[Opening Given data section]

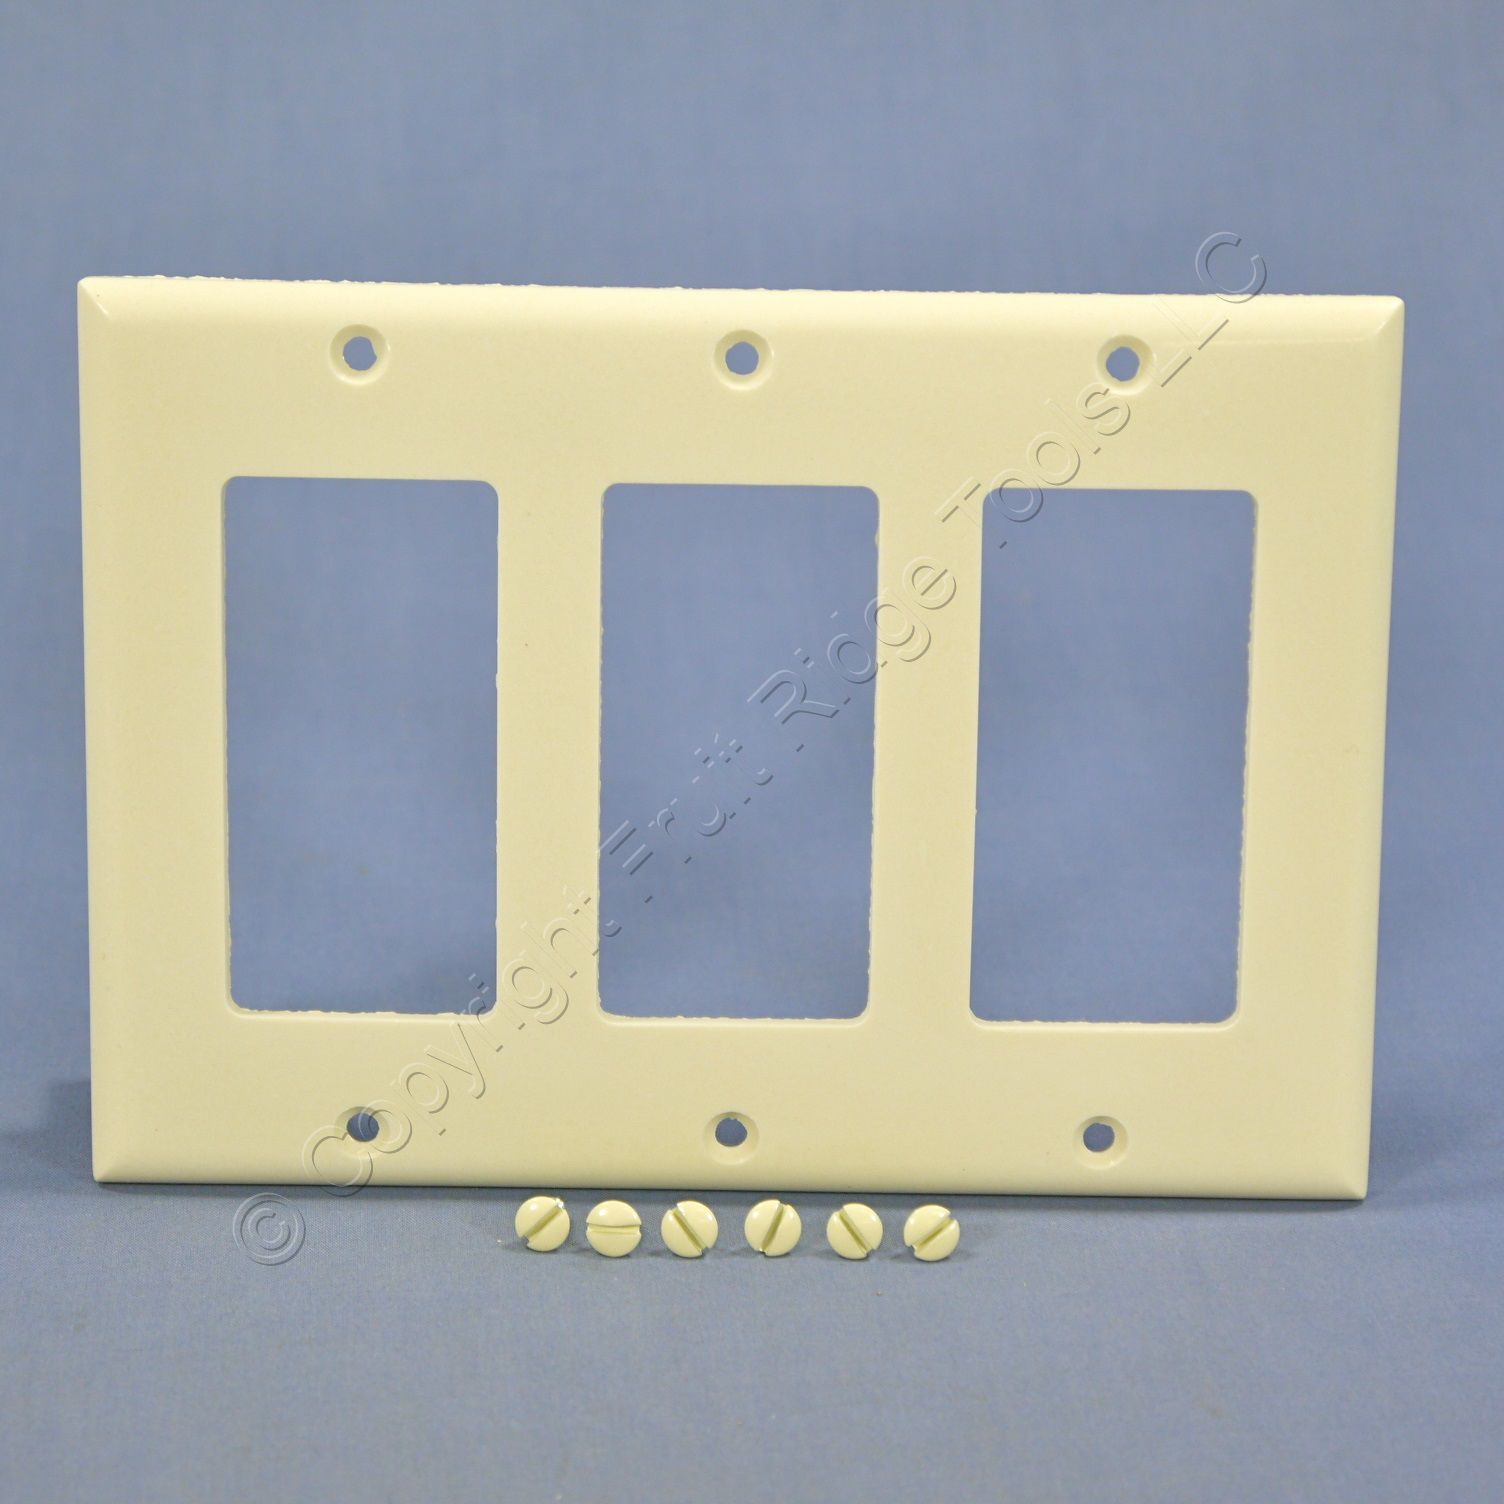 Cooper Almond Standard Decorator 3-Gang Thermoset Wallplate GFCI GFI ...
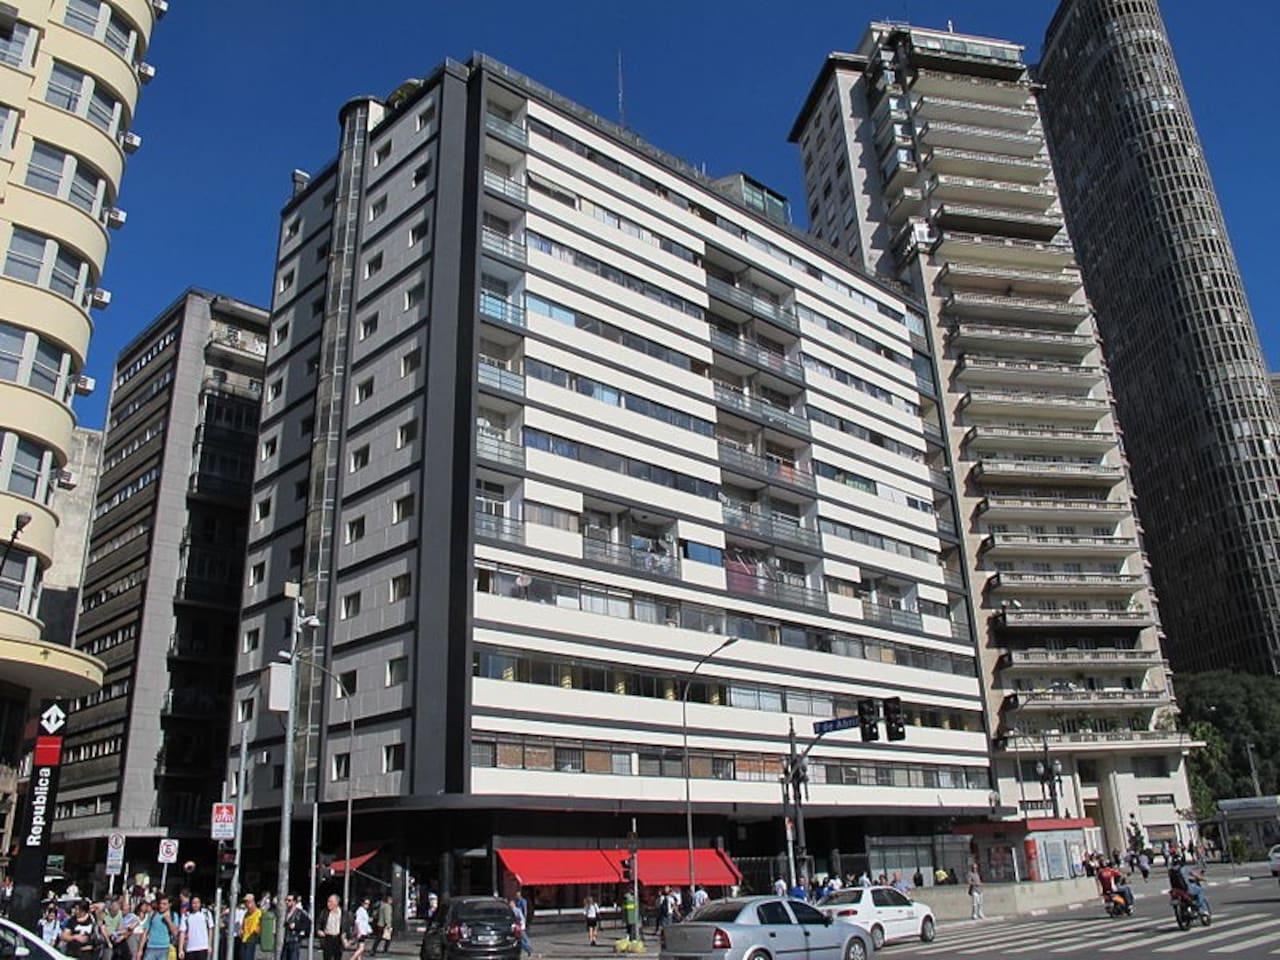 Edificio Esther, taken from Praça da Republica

[Closing Given data section]
[Opening Given data section]

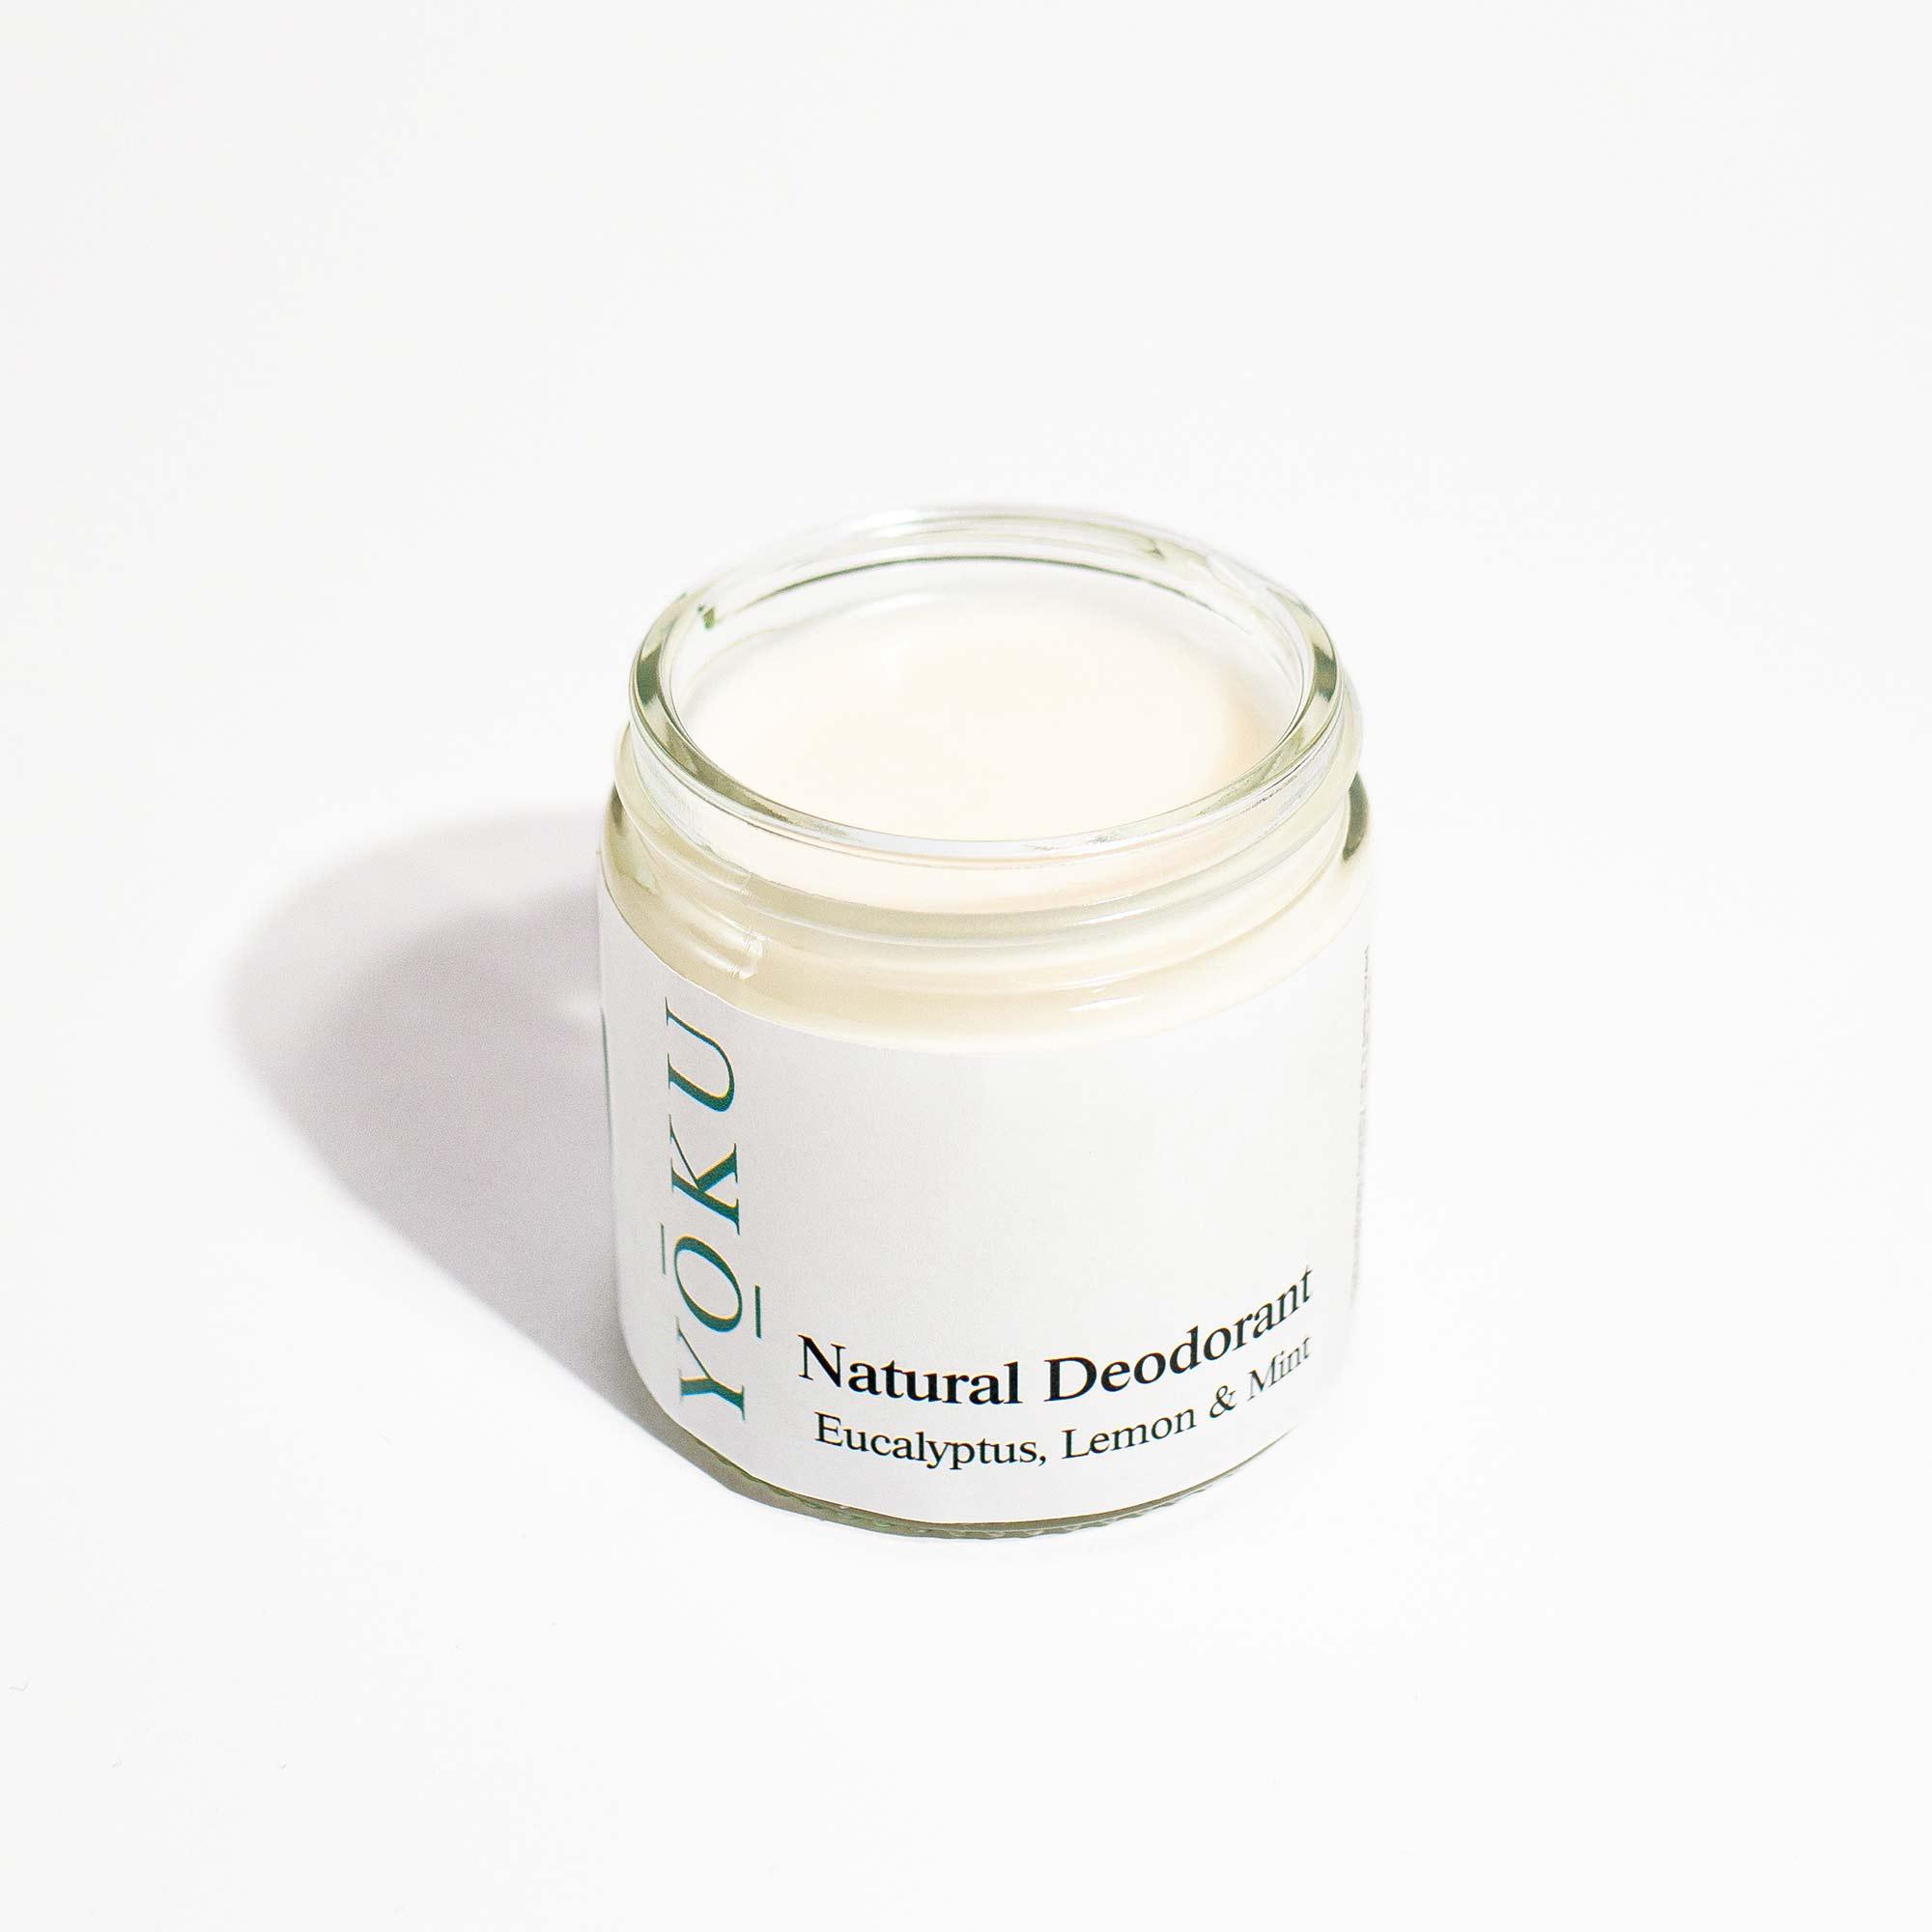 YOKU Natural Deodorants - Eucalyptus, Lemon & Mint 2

[Closing Given data section]

* Work to be completed: Copy exactly the lines of the listing above between the one holding "Cooper Almond Standard" and the one holding "Edificio Esther, taken", inclusive; omit all pictures.

* Answer below:
 Cooper Almond Standard Decorator 3-Gang Thermoset Wallplate GFCI GFI ...
 Edificio Esther, taken from Praça da Republica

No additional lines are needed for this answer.